■ Supplied records:

*** Block opens ***

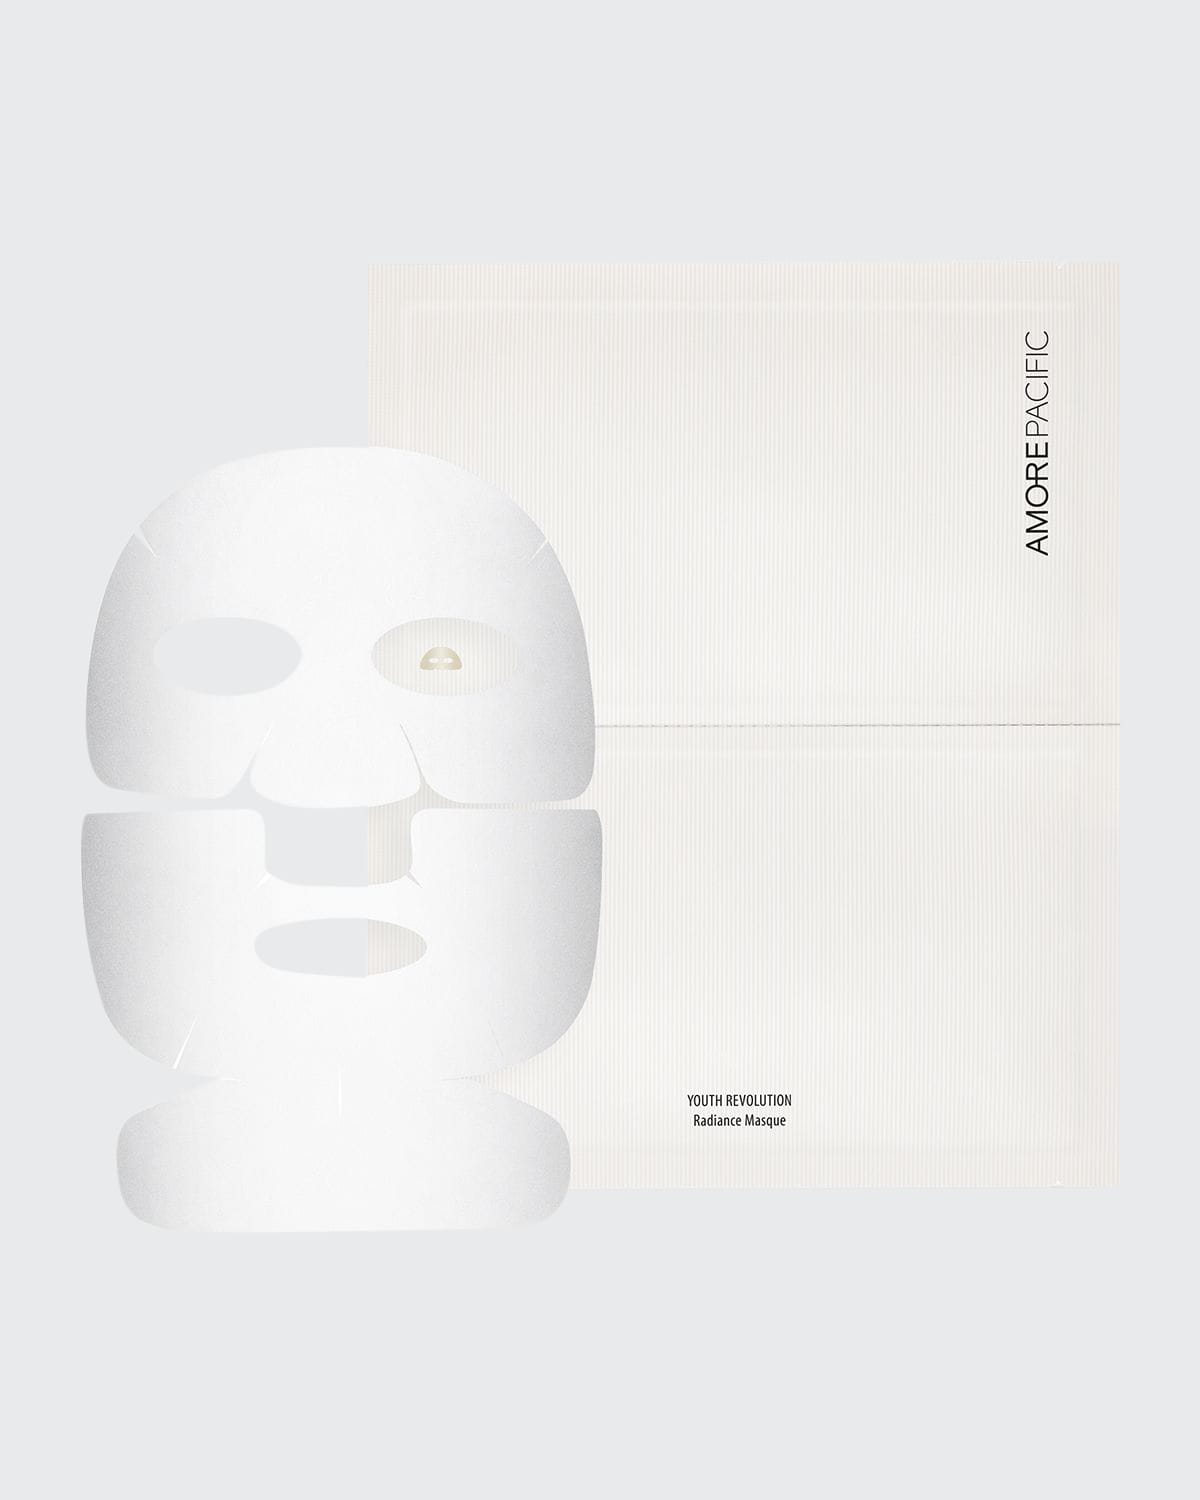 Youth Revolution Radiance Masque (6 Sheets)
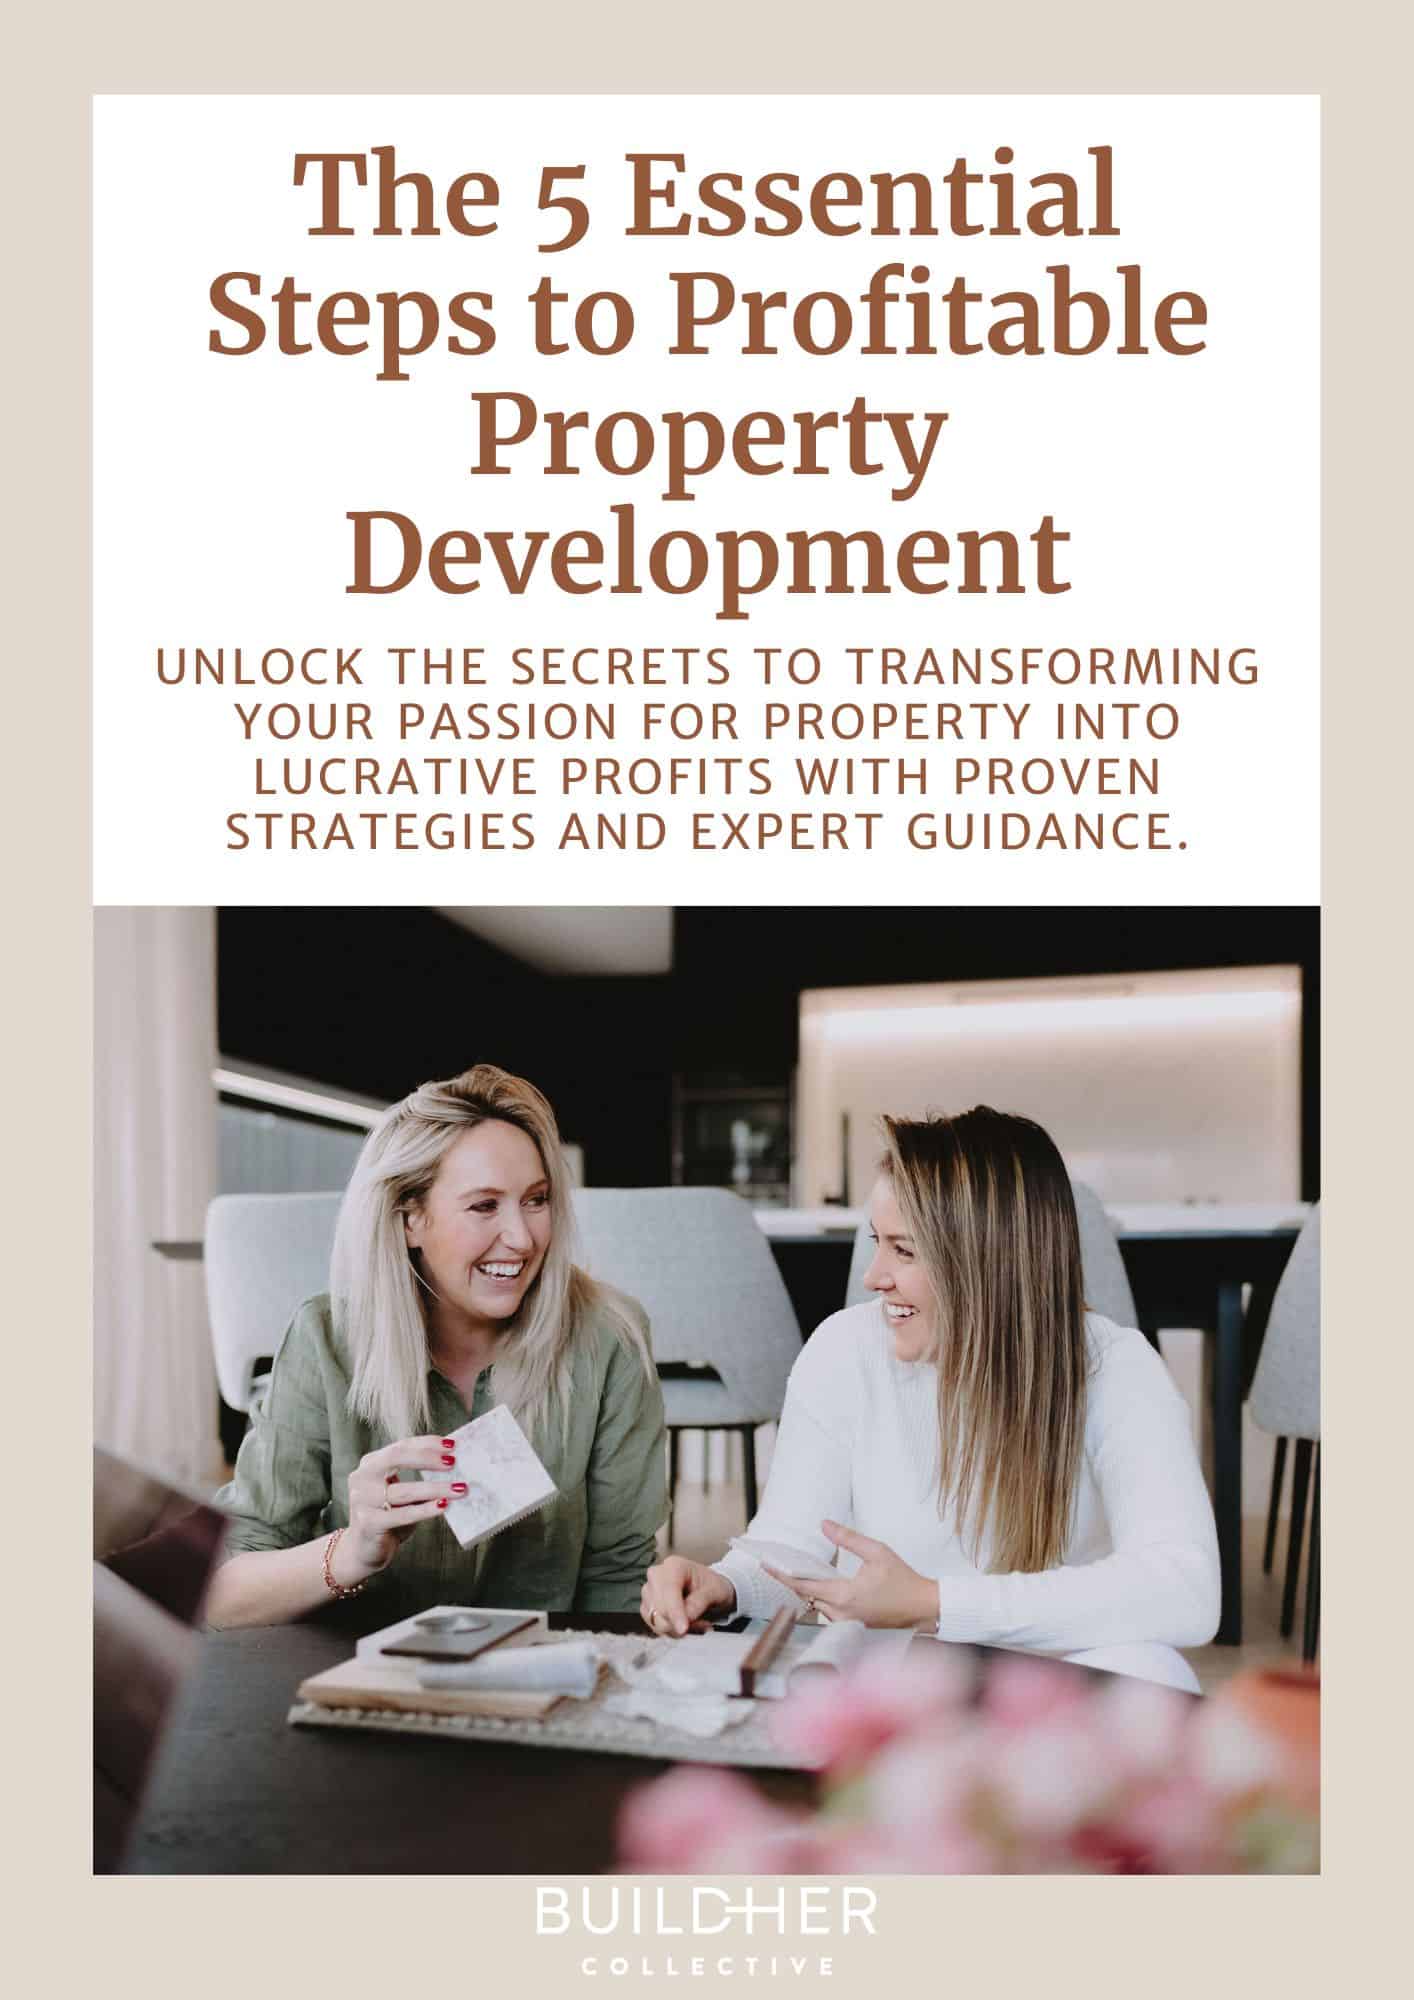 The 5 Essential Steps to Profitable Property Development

*** Block closes ***
*** Block opens ***

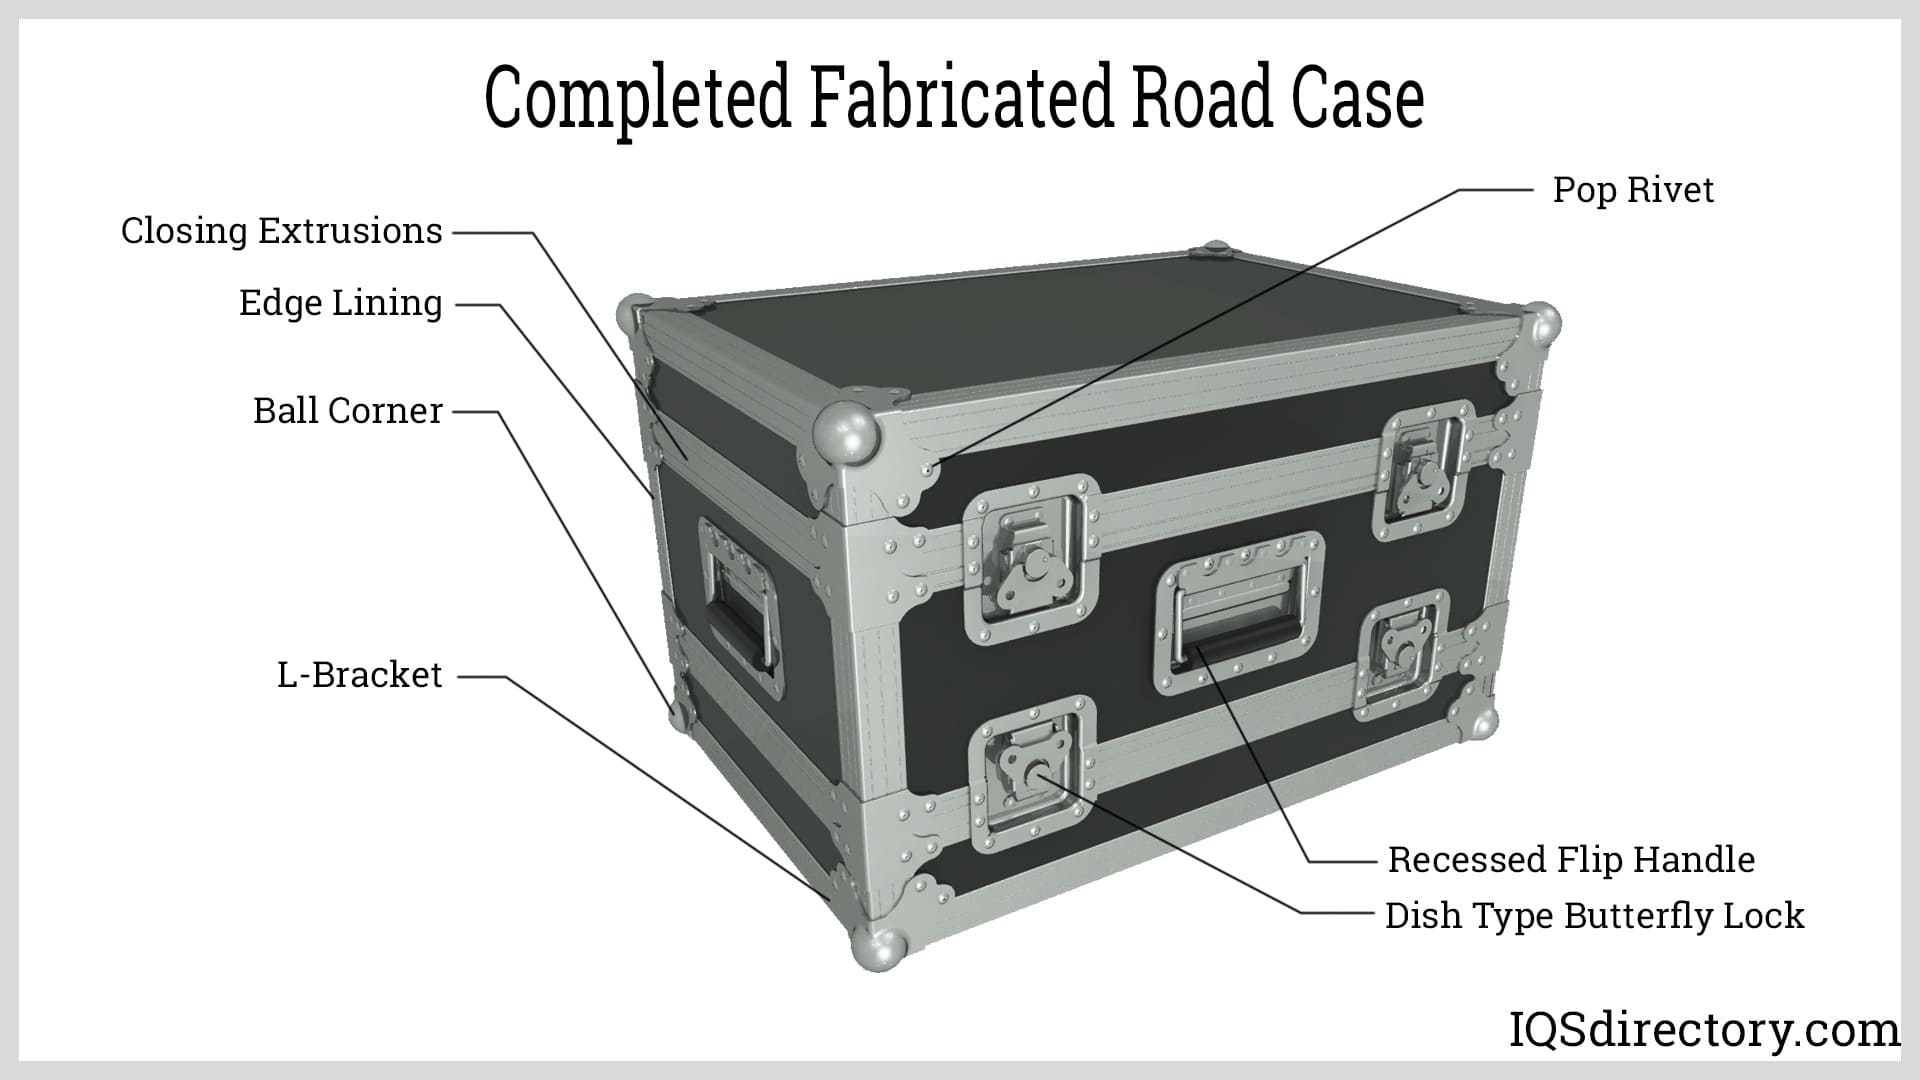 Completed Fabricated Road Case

*** Block closes ***

■ What the task asks:
From the entries above, copy exactly the lines starting at the one with "Youth Revolution Radiance Masque (6 Sheets)" and stopping at the one with "The 5 Essential", keeping both ends. Drop the pictures.

■ Your response:
 Youth Revolution Radiance Masque (6 Sheets)
 The 5 Essential Steps to Profitable Property Development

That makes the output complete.